EvoBagging-implementation

Implementation of Evolutionary Bagging algorithm as part of assignment for Ensamble Learning Course at Centrale-Supelec

Description

This repository consists of implementation of Evolutionary bagging algorithm proposed in "Evolutionary bagging for ensemble learning" by Giang Ngoa , Rodney Beardb, Rohitash Chandraa Link to article. Original implementation given by authors of paper can be found under following link repository. Our implementation decreases computation speed 7 times (on red wine dataset original implementation took 50s while ours 7s to train for 25 iterations) Notebook with results. However results reported in paper are different than one computed her. Despite classification model our implementation allows user to create regression model.

Repository organization

.
├── data 
│   *folder containing data files from original repostiory*
├── experiments 
│   *folder containing subdirectories with scripts to recreate experiments from article as well as .csv with results*
│    detail description of conducted experiments and python notebook file to plot graphs and create tables.    
│    ├── comparison_with_paper
│    ├── baselines
│    ├── bias_reduction
│    ├── diveristy_between_evolved_bags
│    ├── evobagging_grid_search
│    ├── influence_of_hyper_parameters
│    ├── nbit_parity
│    ├── optimal_bag_number     
│    └── voting_rule
├── implementation_comparison
│   *folder containing results of comparison of training Evolutionary Bagging algorithm on red wine dataset using 
│   original implementation as well and implementation from this repository*
├── DataProcessing.py
│   *class implementation of data container for easier data preparation for EvoBagging class*
└── Evobagging.py
    *class implementation of Evolutionary Bagging algorithm*

Following files are taken form repository published by authors of papers:

Example usage

This repository provides access to transformed data used in original experiment by DataProcessing class. After loading data is ready to training. After loading DataProcessing from DataProcessing.py and EvoBagging from EvoBagging.py

data = DataProcessing()
data.from_original_paper(dataset_name="red_wine", test_size=0.2)

To train model we need to firstly initiate it and then use fit method.

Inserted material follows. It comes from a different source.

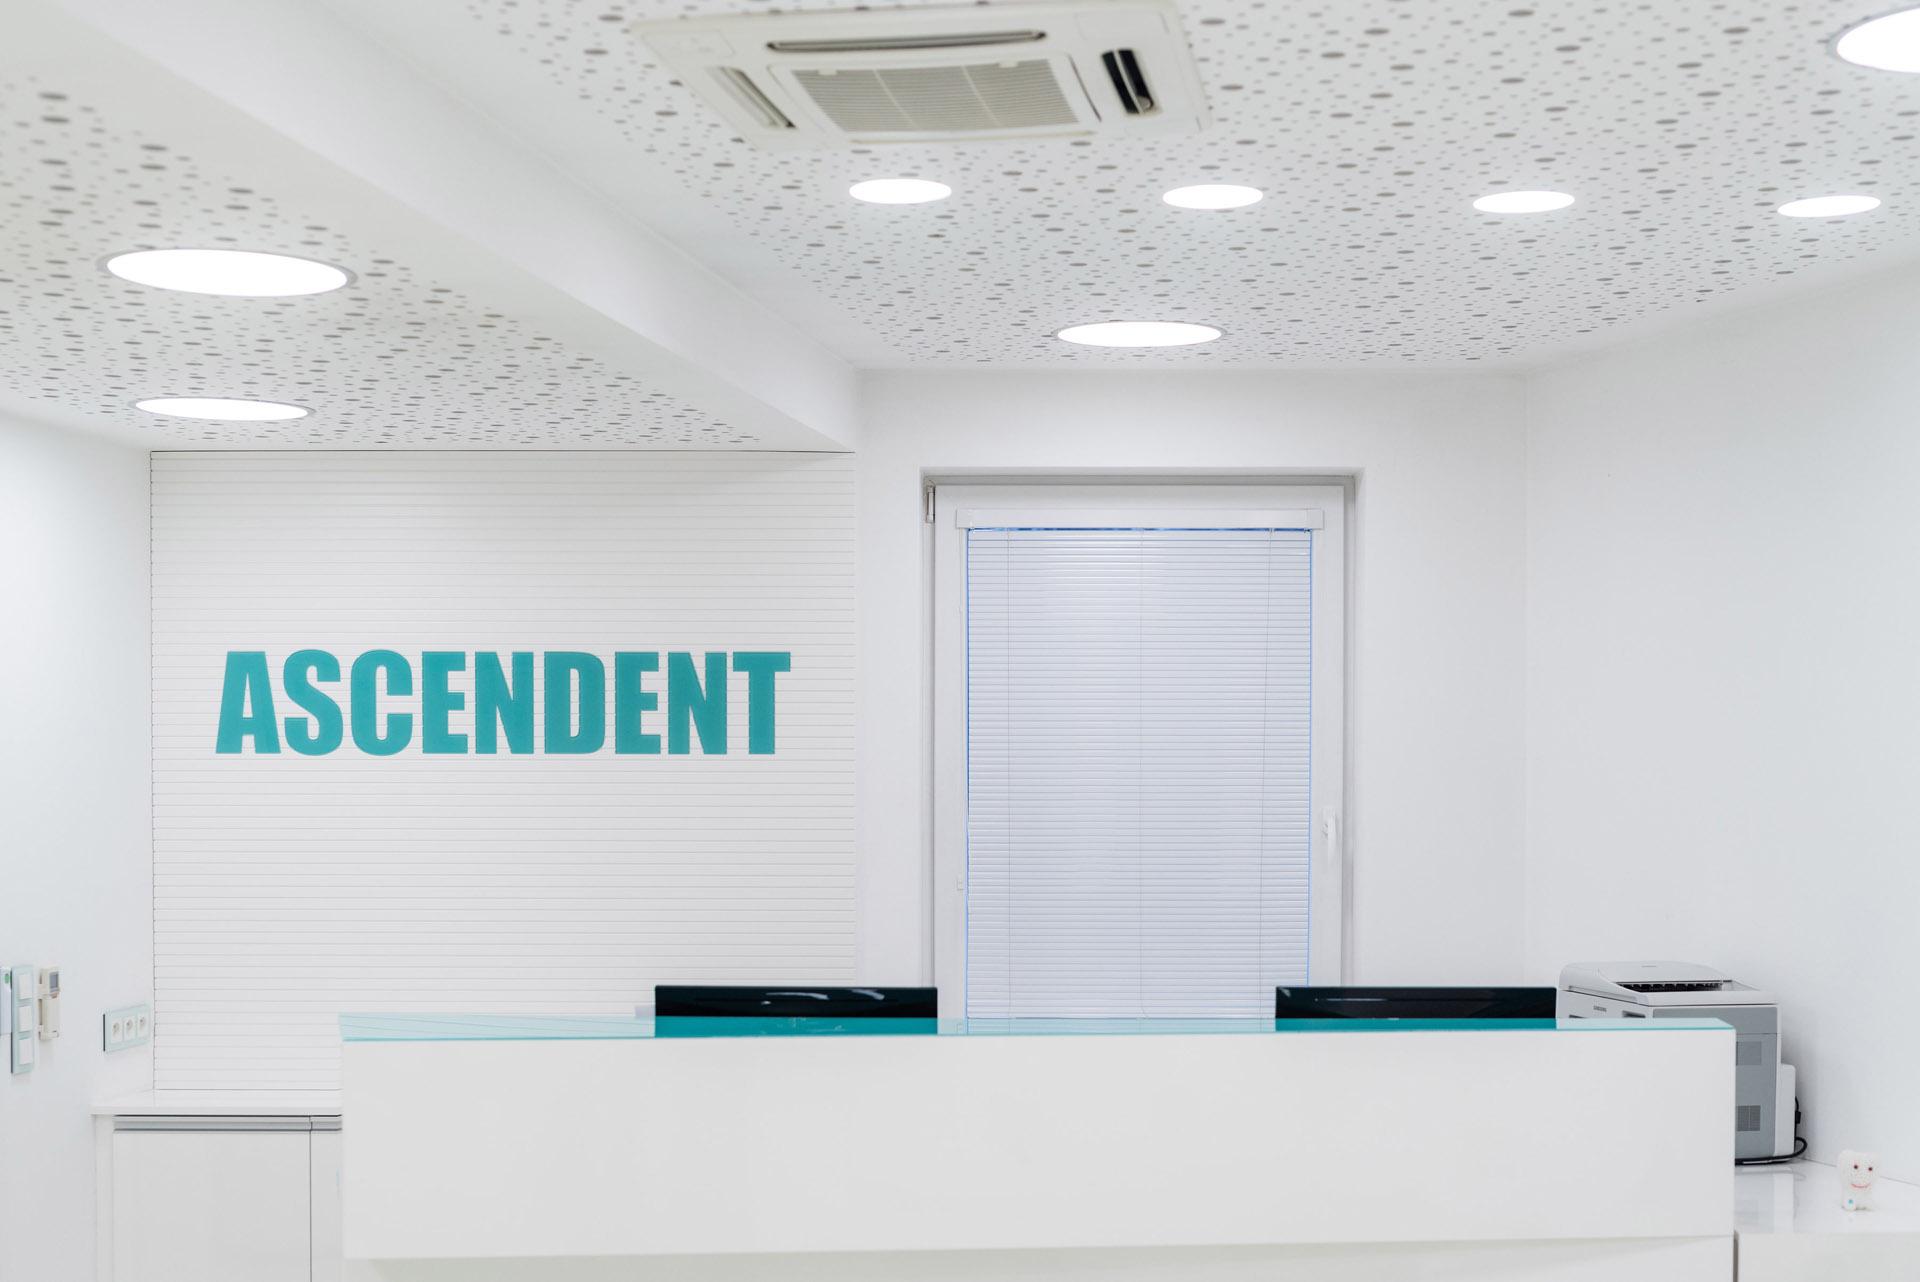 Zubni klinika Ascendet, Foto: Jiri Hlousek
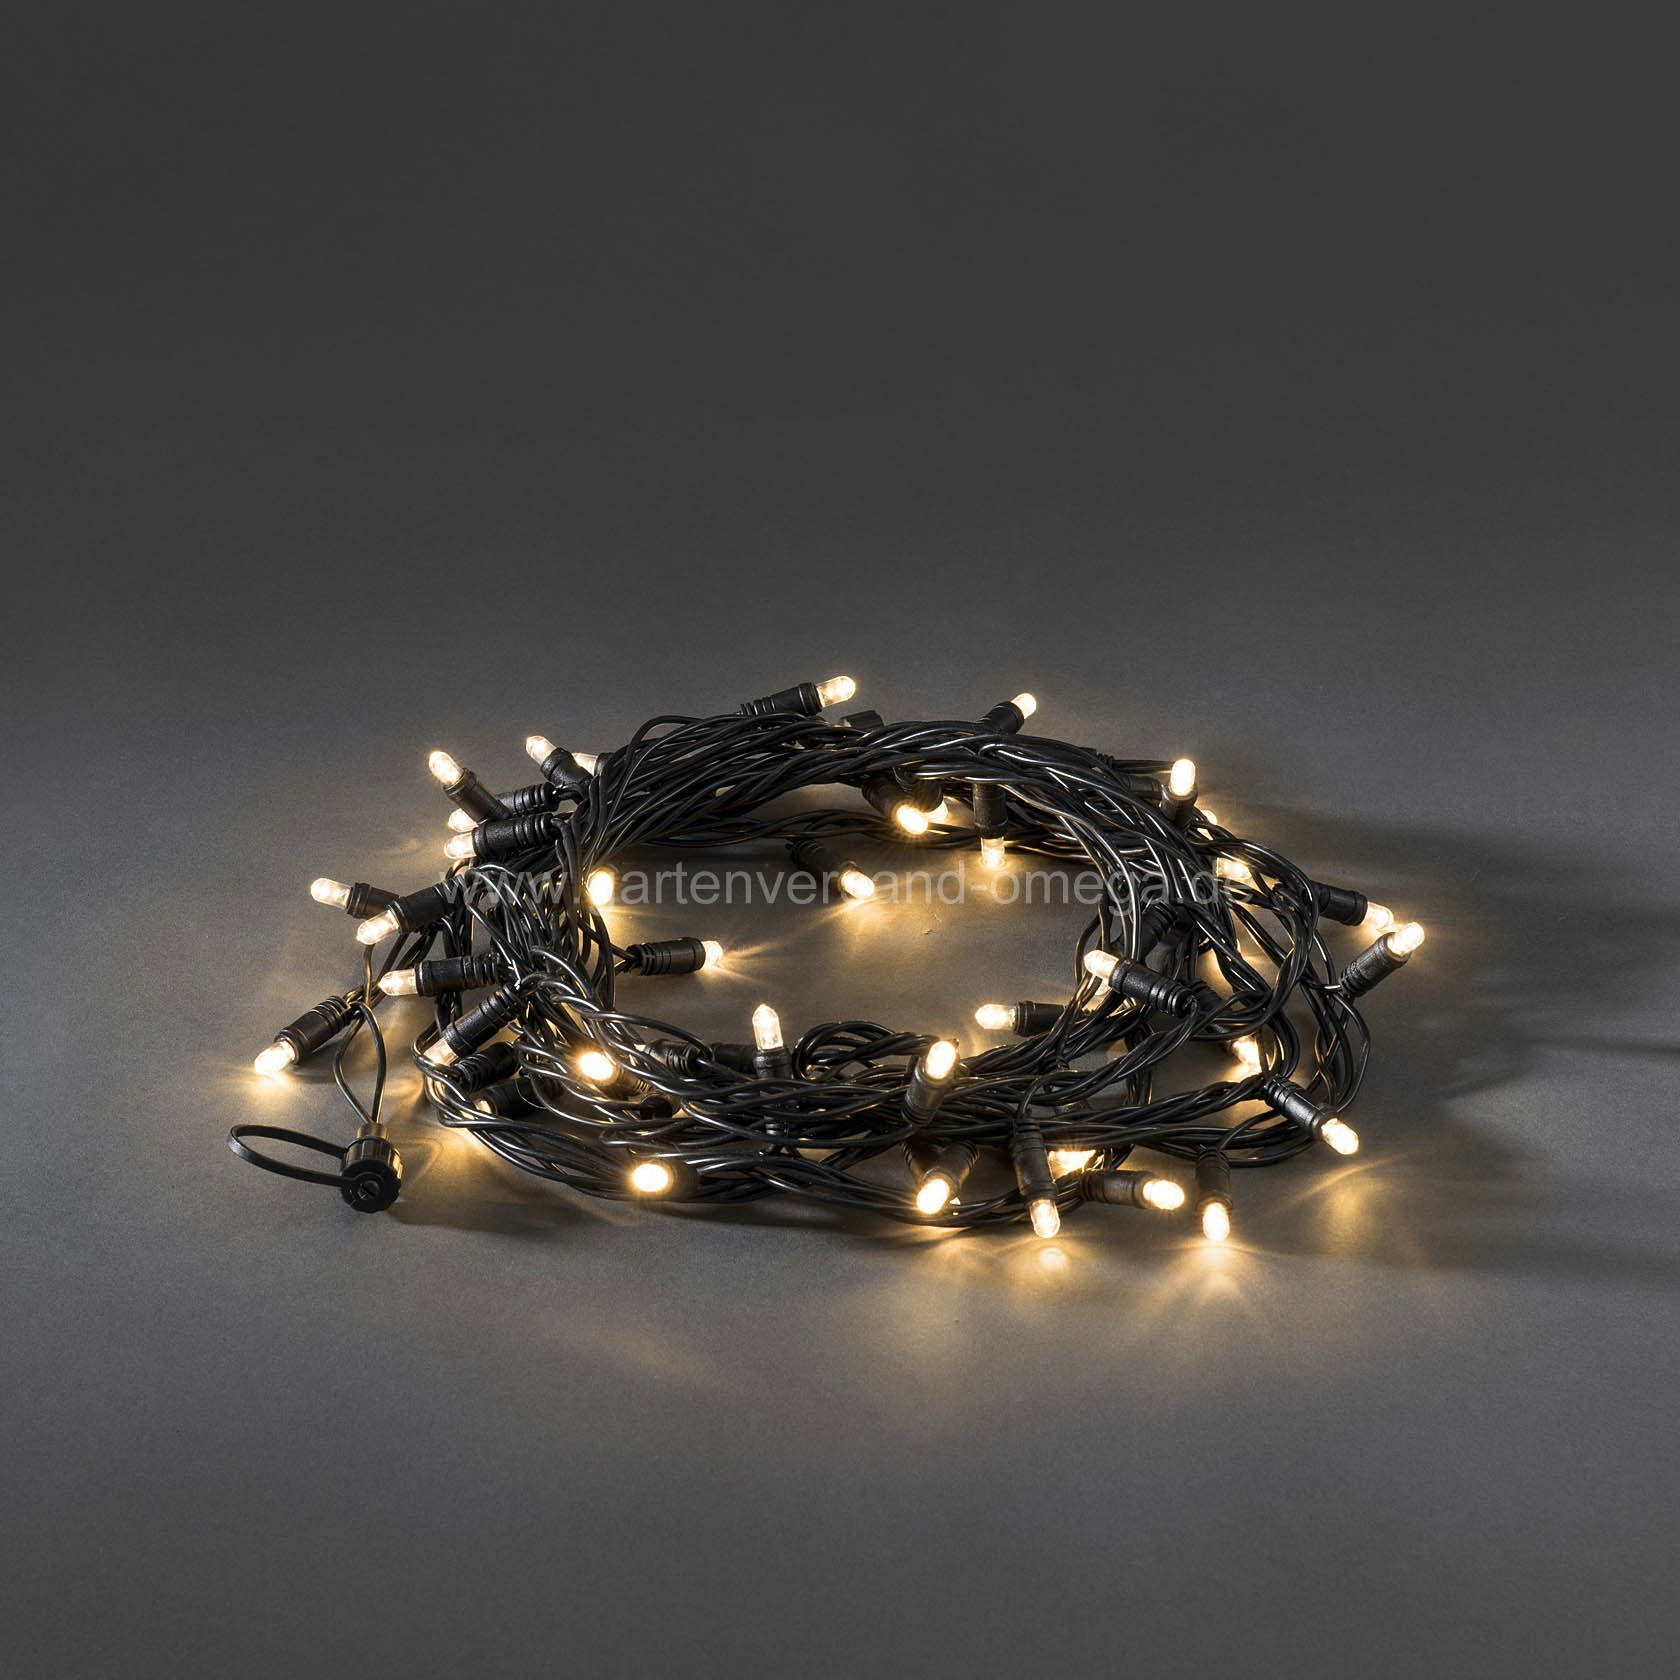 Verl ngerbare lichterkette basis set professionelle for Professionelle weihnachtsbeleuchtung

model = EvoBagging(number_of_initial_bags=50,
                   maximum_bag_size=data.X_train.shape[0],
                   generation_gap_size=10,
                   k=5000,
                   mutation_size=65,
                   mode='classification',
                   number_of_mutated_bags=5,
                   number_of_iteration=25,
                   selection='naive',
                   logging=False,
                   metric_name="accuracy_score")
model.fit(data.X_train, data.y_train)

In order to predict on test set one need to run following

predictions_test = model.predict(data.X_test)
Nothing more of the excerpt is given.